◆ DESCRIPTION OF THE TASK ◆
Reproduce the listing below from the line with "PERFECTLY GEL(500g)" to the line with "Две зеркальные дверцы", both lines included, character for character, minus any pictures.

◆ DATA UNDER STUDY ◆
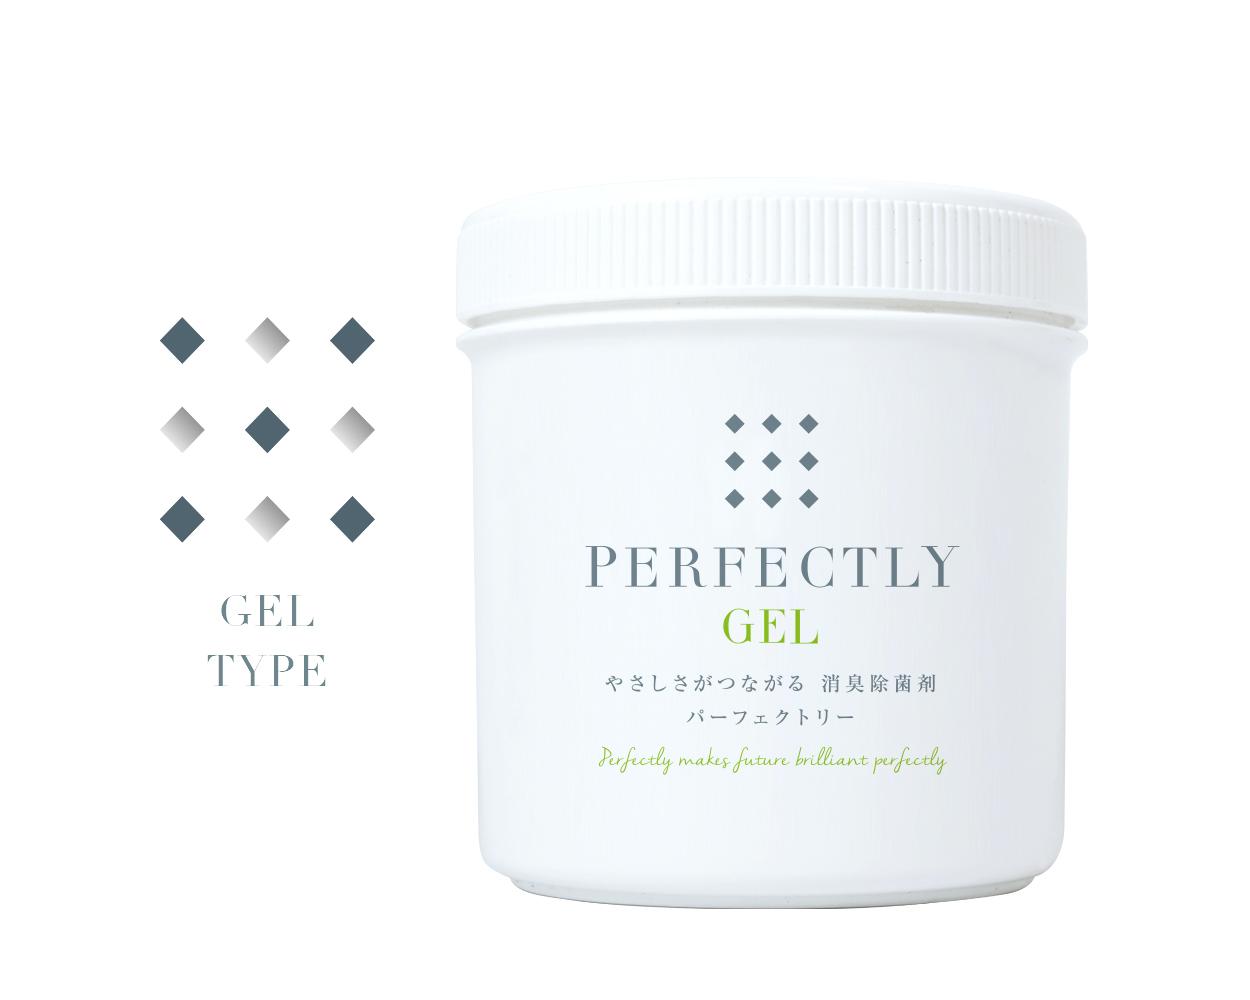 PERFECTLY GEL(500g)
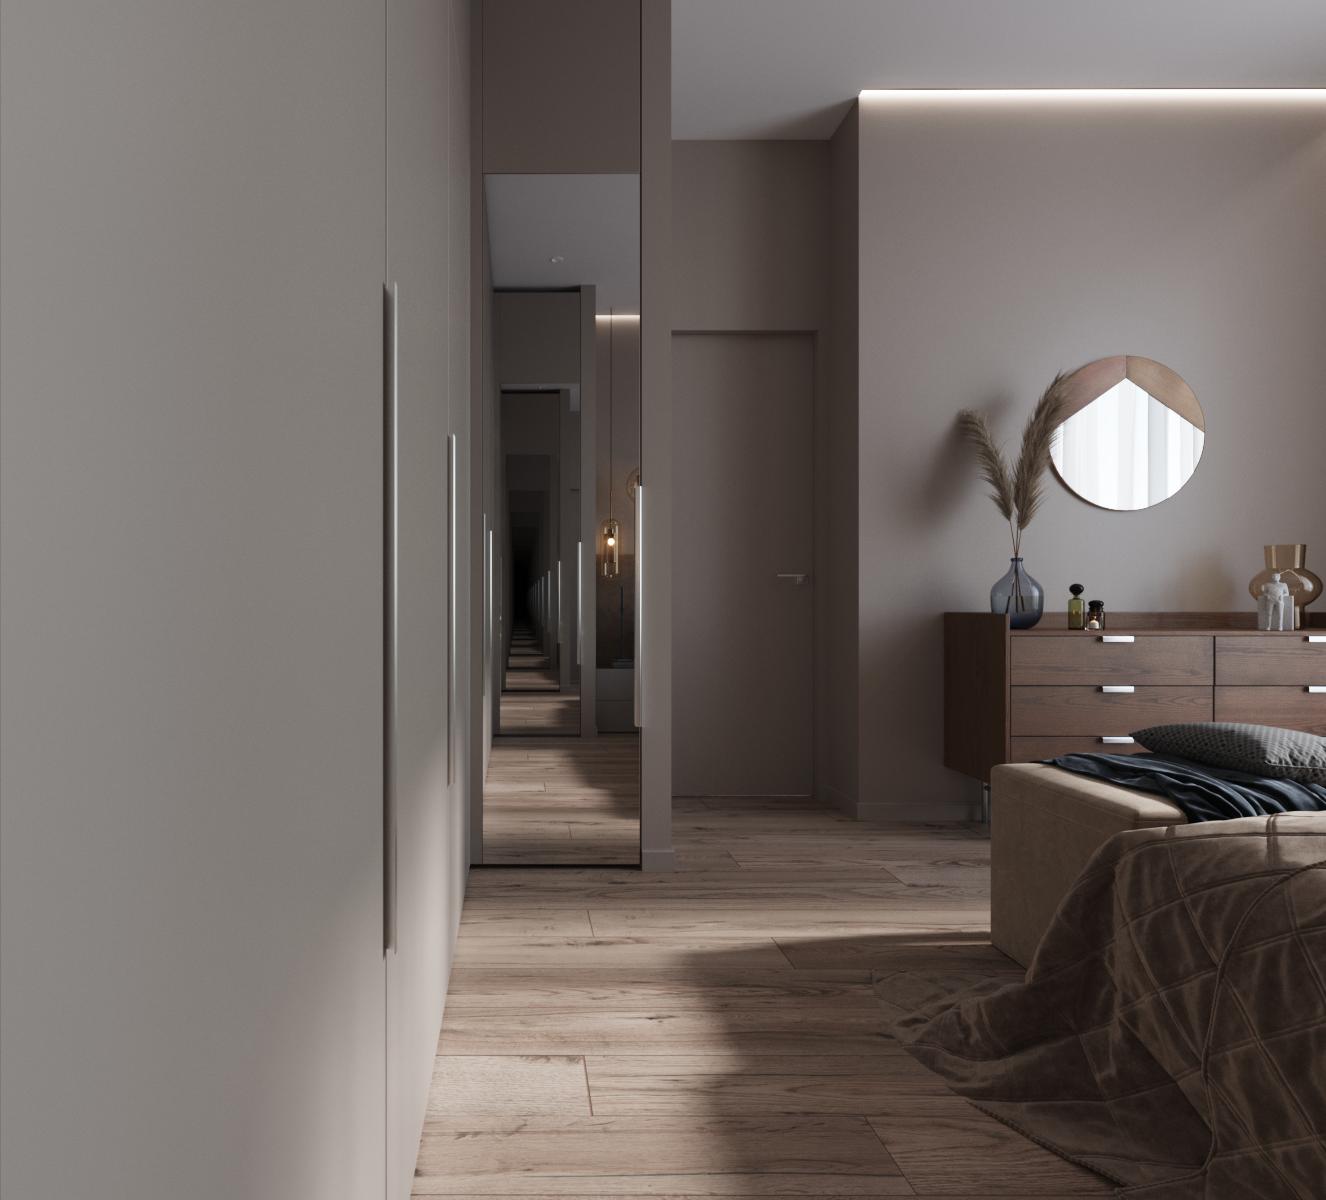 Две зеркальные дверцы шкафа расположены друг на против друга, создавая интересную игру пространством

* * *

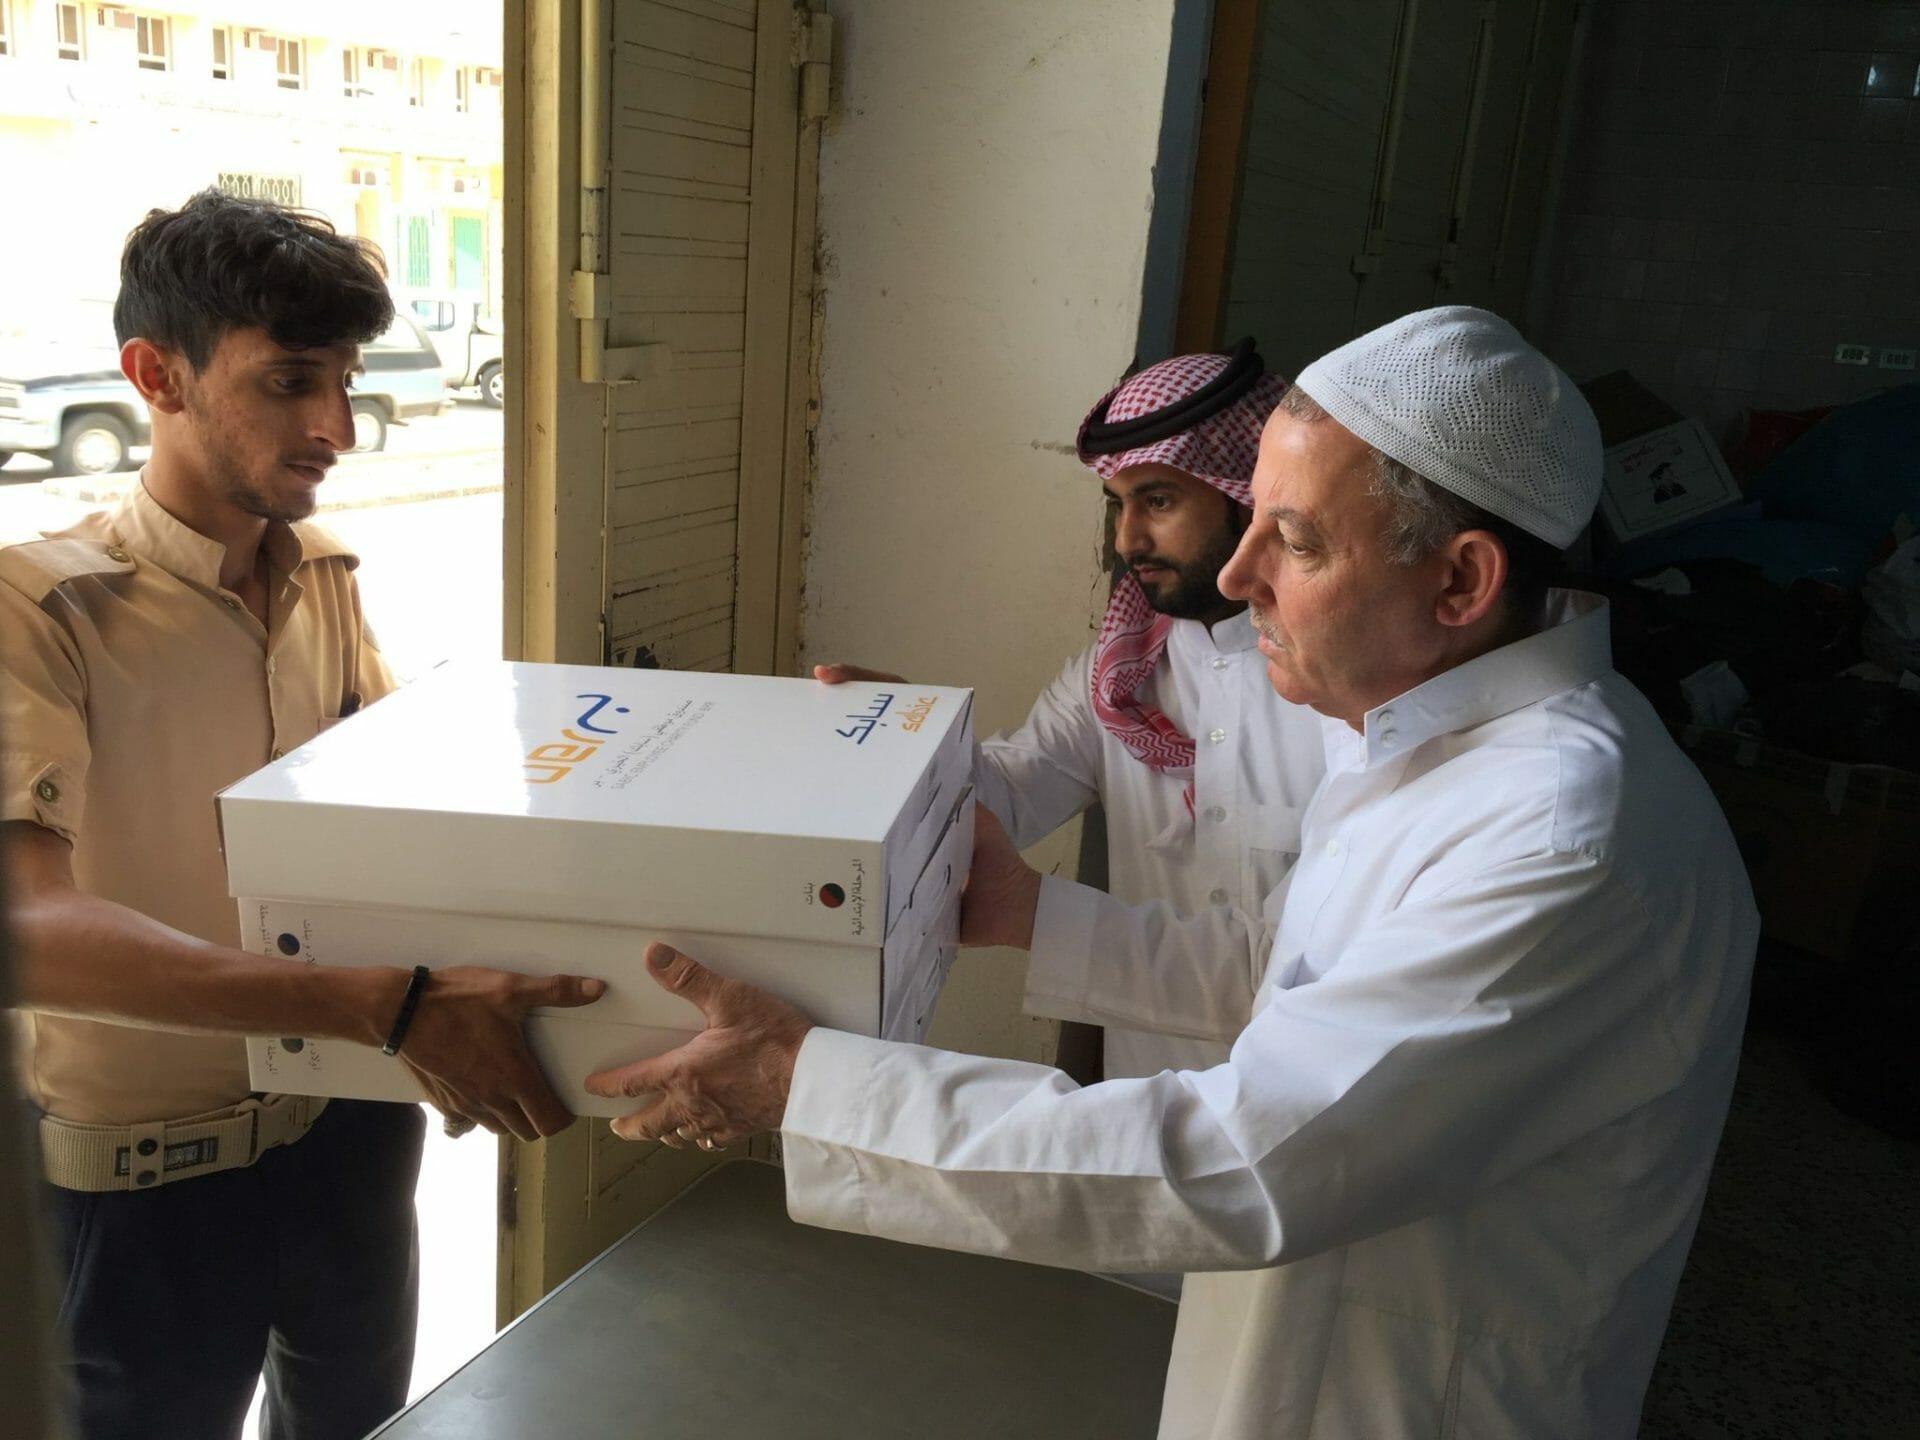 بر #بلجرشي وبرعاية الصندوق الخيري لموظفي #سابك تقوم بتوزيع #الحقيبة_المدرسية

==

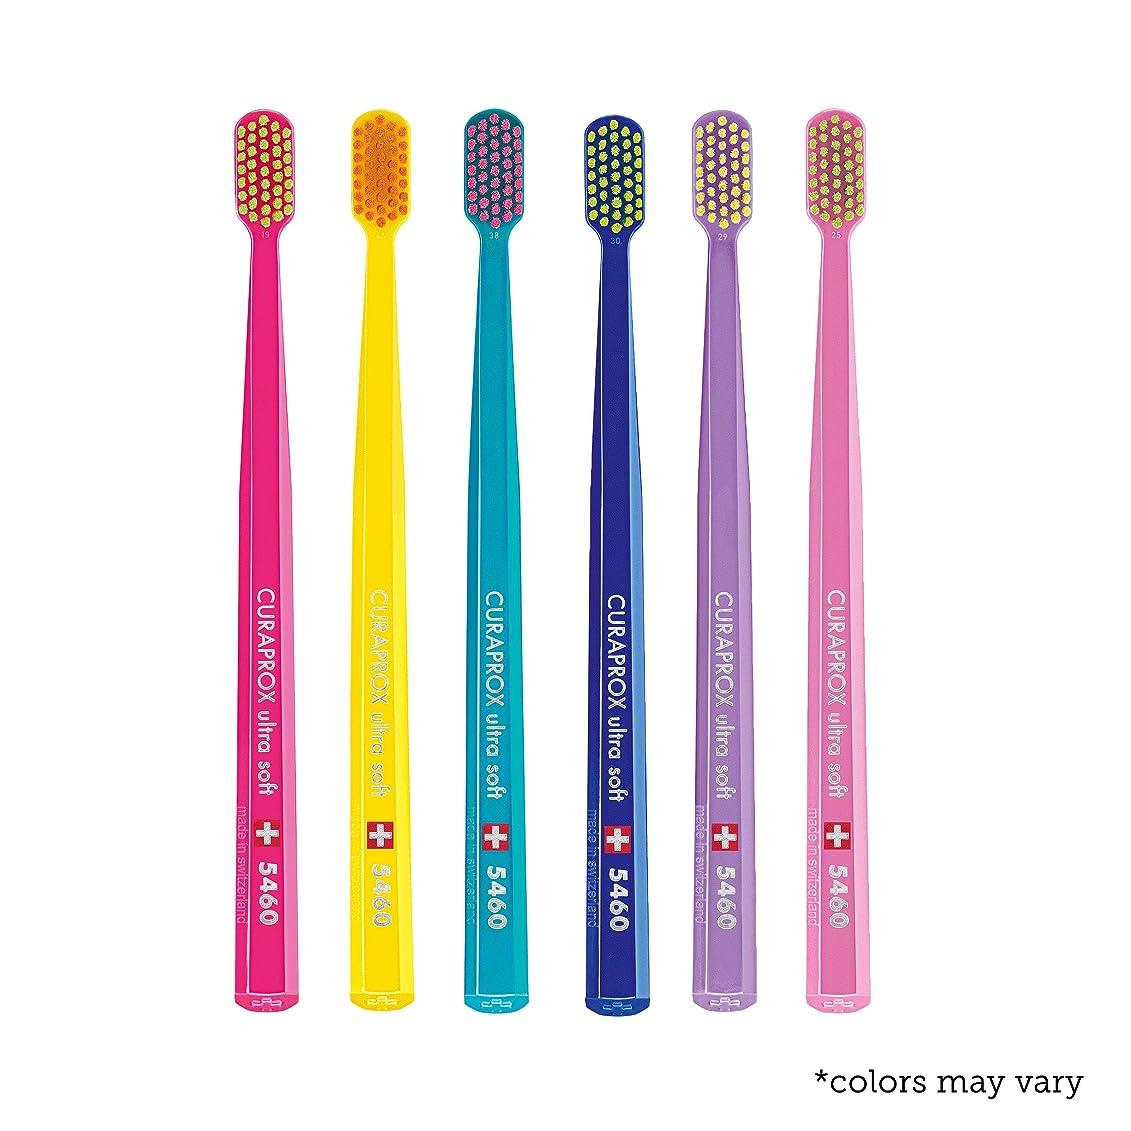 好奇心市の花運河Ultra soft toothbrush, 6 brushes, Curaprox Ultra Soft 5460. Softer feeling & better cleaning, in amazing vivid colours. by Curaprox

◆ THE COMPLETED TASK ◆
 PERFECTLY GEL(500g)
 Две зеркальные дверцы шкафа расположены друг на против друга, создавая интересную игру пространством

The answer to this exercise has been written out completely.